J.K. Dobbins (RB – Baltimore Ravens):


There may not be a player with worse luck than J.K. Dobbins over the last two seasons. After a red-hot end to his rookie season with a TD and 13+ points in each of his final six games in 2020, Dobbins entered 2021 with very high expectations from fantasy owners. That was, until he suffered a gruesome knee injury in the final game of the preseason, tearing his ACL, LCL, and meniscus – an injury that forced him to miss the entire 2021 season, the first 2 weeks of 2022, and was re-aggravated in Week 6, forcing him to miss another 6 games. Once Dobbins returned to full health, we saw the flashes he showed as a rookie, posting multiple 14+ point performances and an incredible 7.0 YPC over the final four games of 2022. Heading into 2023, he is now a year excluded from his ACL tear (where RBs typically rebound) and will get a healthy Lamar Jackson back in a greatly improved offense, which should stimulate redzone opportunities that were a huge source of his production as a rookie and that were the only reason he wasn’t a top-5 RB at the end of 2022 (with Tyler Huntley at QB).
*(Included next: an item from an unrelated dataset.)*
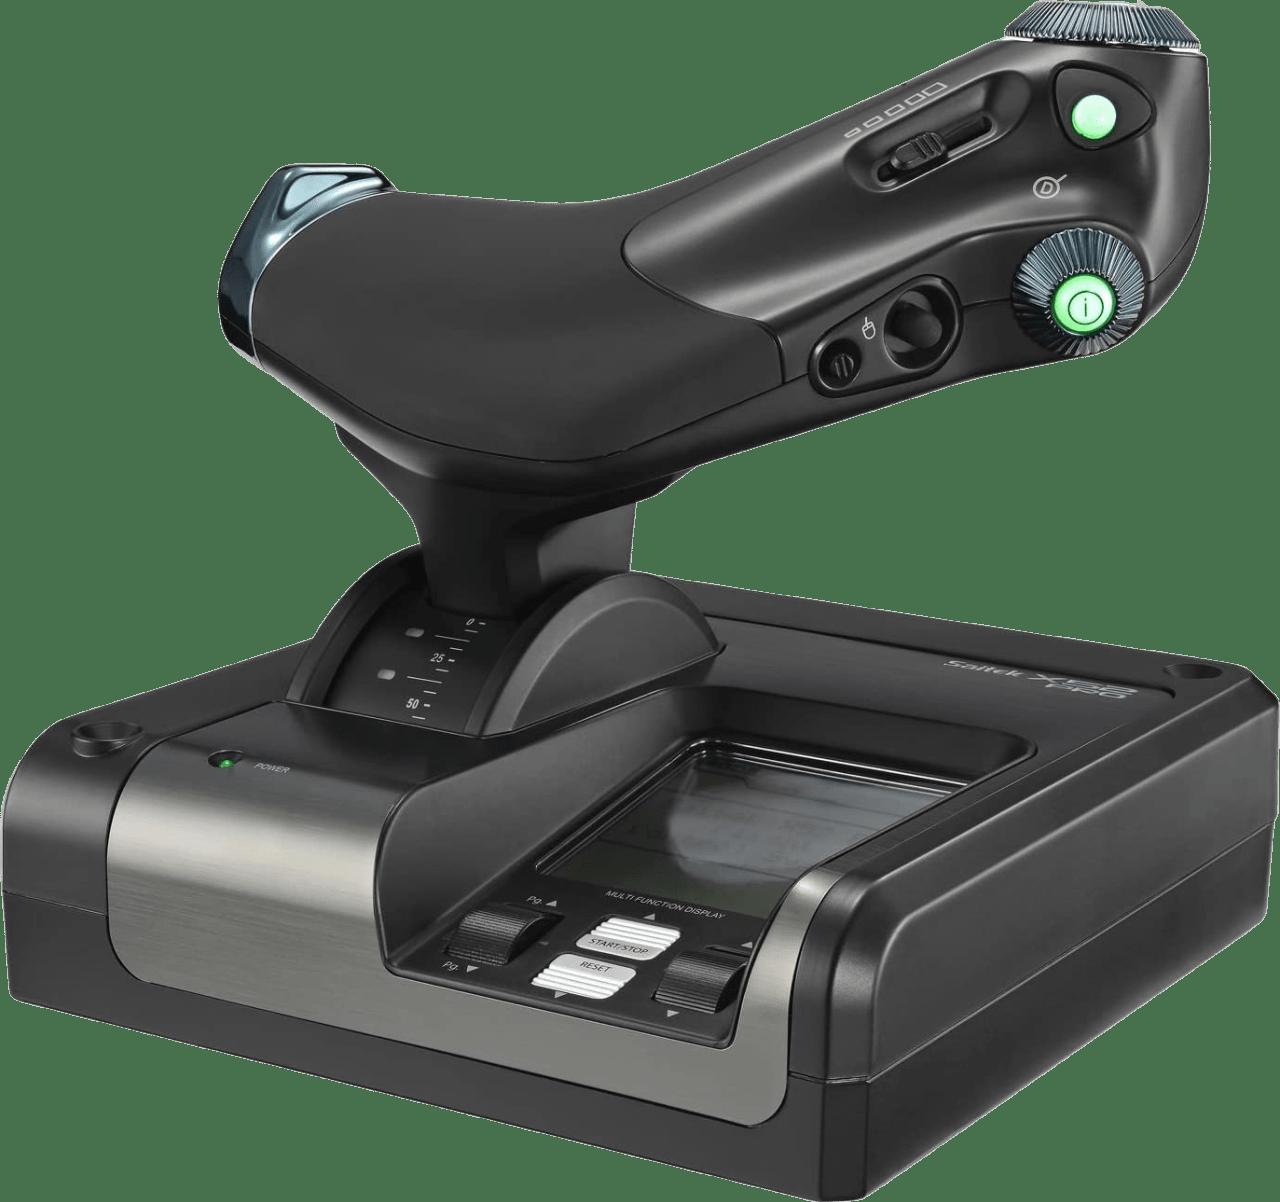 Negro Logitech Saitek X52 PRO Flight Simulator Controller.4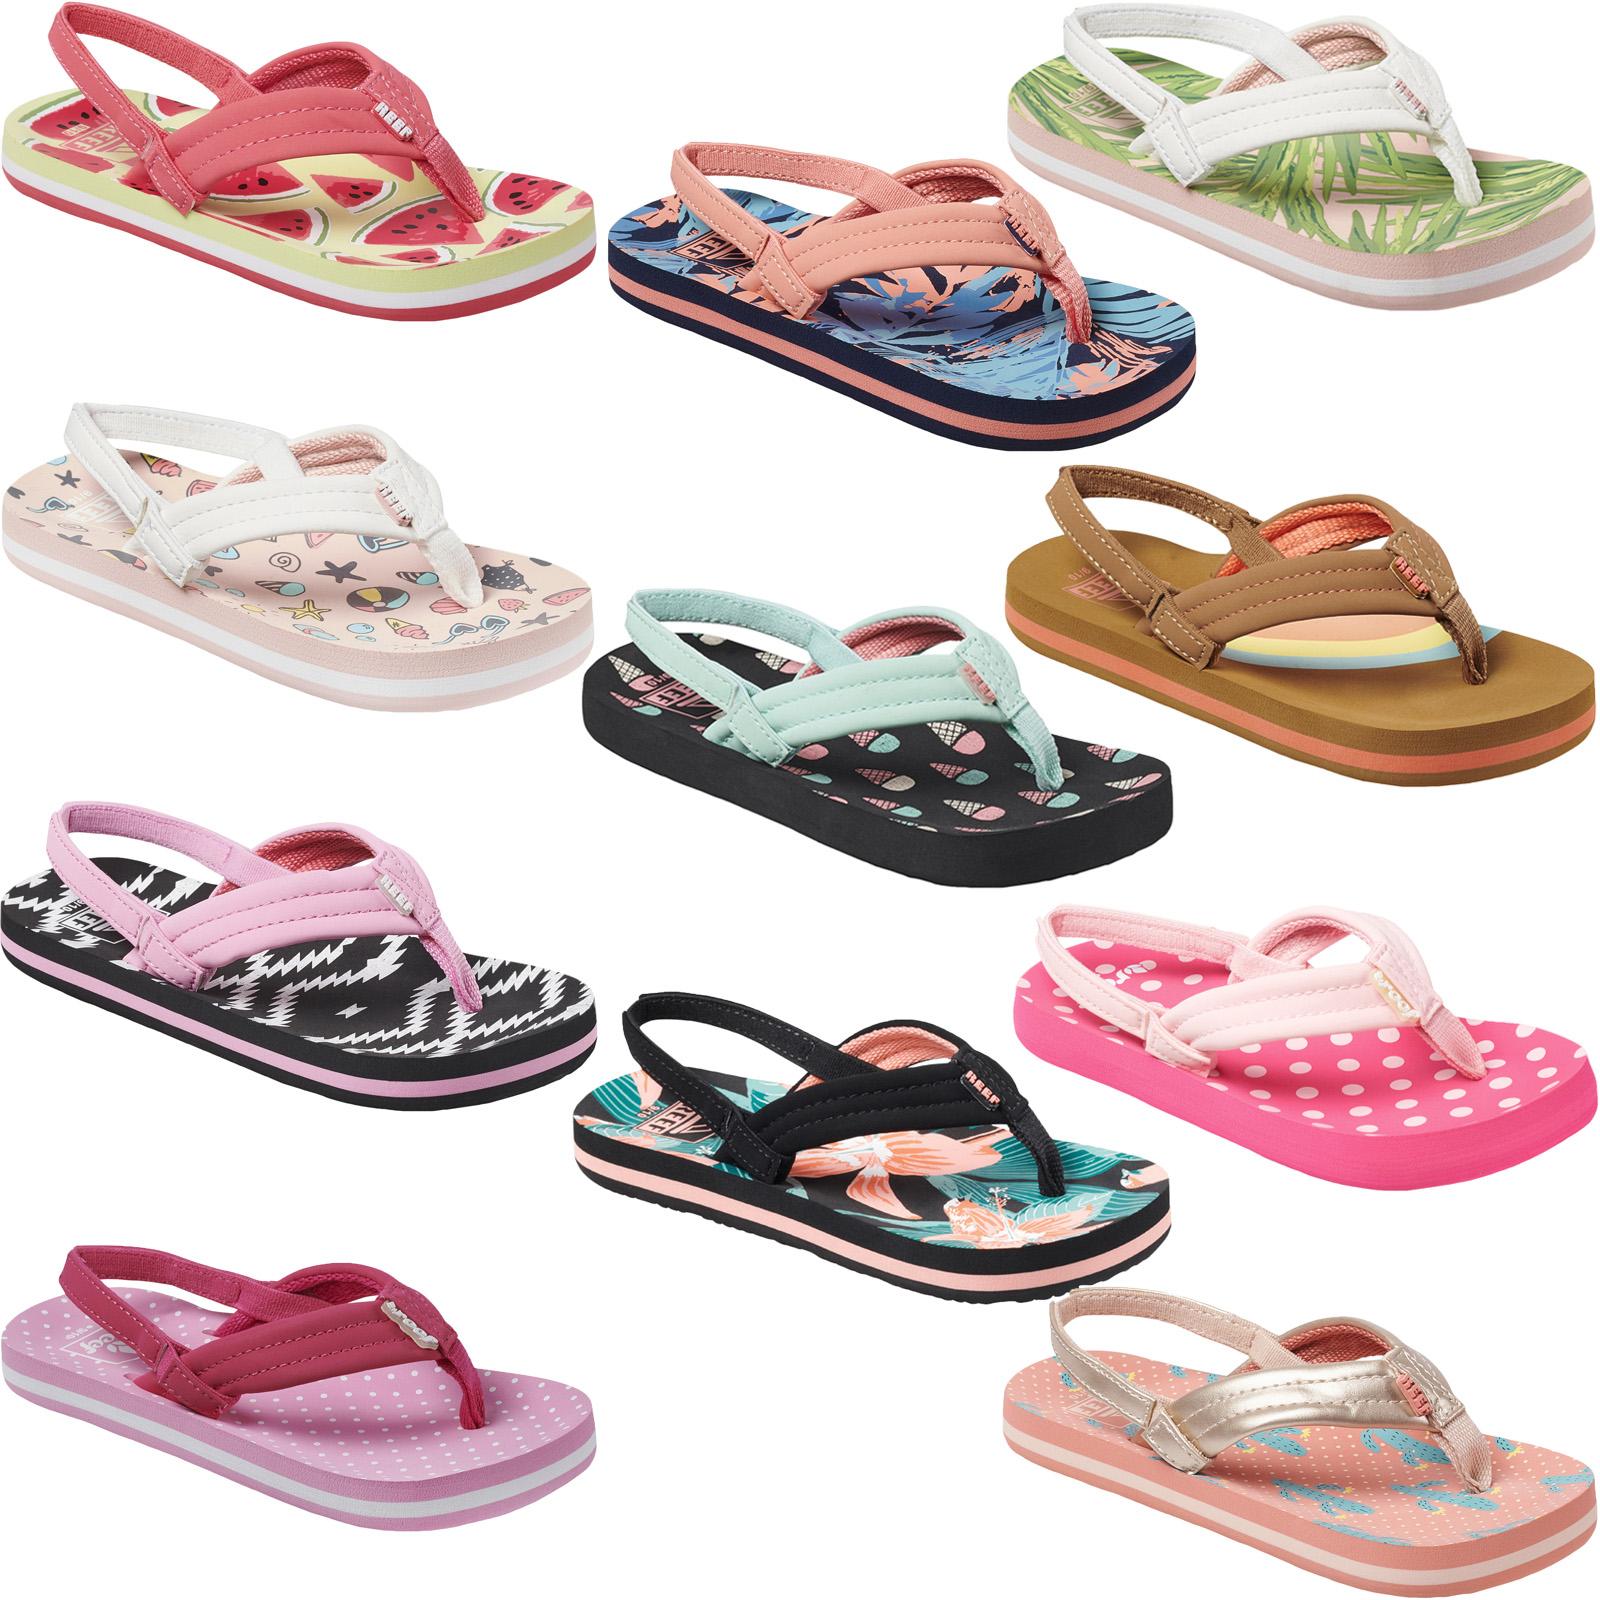 Reef Kids Girls Little AHI Convertible Rainbow Activity Sandals Size

The injury risk is certainly there, after several major injuries in 2021 and reaggravation mid-season last year, but the upside is off the charts for Dobbins. If it weren’t for his current draft price (5th round; RB18 on ADP, RB20 on ECR), I would be hesitant but at that price, I am beyond comfortable targeting Dobbins as a low-end RB2 or an elite RB3/FLEX option with the very realistic upside of a potential top-10 finish.

 

Mark Andrews (TE – Baltimore Ravens):


Andrews ended Travis Kelce’s historic run atop the TE position in scoring in 2021, finishing as the top TE in fantasy, and it looked very early on in 2022 that he was going to replicate his previous season’s production. To open up the season, Andrews posted double-digit performances in 5 of his first 6 games, including four 22+ point outings. However, that was the height of his 2022 season as it went downhill in the final two-thirds of the year. Between mid-season injuries (knee, shoulder) and Lamar Jackson going down to injury shortly after, Andrews was never able to fully recover to his elite-TE1 self, posting double-digit points in just three of his final 9 games. Even with the adversity of poor QB play and missing some time, Andrews ended the year as the TE4 in points (behind Kelce, Hockenson, and Kittle) and finished as the TE3 in PPG. Fast forward to 2023 and it’s a wildly different situation for Andrews – Lamar Jackson is back at QB, a new pass-oriented offense is in place, and a variety of new receiving weapons (Flowers, Beckham, Bateman) are added this season. It’s a scenario that leaves plenty of potential but also plenty of additional question marks. I definitively have Andrews as the TE2 off the board, as all expect him to be, but the gap between him and Kelce (TE1) is far greater than between Andrews and a player like Kittle or Hockenson. I don’t envision myself investing the likely 3rd round price tag it’ll cost to get Andrews this year – I’m either paying the 1st round premium for Kelce or I’m waiting a bit longer for a player like Kittle, Hockenson, Goedert, or a value TE option in the mid-rounds of drafts.